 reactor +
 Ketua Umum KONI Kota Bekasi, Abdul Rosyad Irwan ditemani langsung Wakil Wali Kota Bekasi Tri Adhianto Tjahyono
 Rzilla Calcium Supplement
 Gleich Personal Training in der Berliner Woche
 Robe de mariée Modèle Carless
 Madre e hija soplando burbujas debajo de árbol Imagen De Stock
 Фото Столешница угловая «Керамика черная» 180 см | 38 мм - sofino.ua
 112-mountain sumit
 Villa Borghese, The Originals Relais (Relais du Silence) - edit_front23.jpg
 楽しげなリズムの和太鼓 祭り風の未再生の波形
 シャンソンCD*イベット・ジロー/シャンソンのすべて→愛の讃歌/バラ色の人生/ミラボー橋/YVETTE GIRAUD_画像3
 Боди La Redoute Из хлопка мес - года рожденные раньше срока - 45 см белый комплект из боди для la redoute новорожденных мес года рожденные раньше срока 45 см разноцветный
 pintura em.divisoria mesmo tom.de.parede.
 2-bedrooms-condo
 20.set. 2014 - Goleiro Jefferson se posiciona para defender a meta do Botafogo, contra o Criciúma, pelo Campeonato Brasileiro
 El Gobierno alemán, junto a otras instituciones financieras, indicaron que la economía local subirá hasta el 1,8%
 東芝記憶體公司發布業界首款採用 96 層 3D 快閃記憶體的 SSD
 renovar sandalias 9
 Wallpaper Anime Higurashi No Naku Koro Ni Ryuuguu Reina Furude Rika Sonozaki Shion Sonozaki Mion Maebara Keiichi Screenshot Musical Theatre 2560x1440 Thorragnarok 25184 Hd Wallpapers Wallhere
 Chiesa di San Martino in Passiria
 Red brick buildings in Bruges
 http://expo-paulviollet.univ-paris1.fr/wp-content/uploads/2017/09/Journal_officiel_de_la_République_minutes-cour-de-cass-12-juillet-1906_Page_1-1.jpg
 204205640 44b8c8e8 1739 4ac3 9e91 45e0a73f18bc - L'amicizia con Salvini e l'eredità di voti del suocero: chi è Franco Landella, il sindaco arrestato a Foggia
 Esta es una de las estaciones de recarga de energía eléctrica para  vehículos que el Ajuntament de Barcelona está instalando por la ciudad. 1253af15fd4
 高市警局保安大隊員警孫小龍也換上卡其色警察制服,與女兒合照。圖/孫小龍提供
+ + + + +
Answer with one number only, the count of lines in the entries above that hold the string "para".

2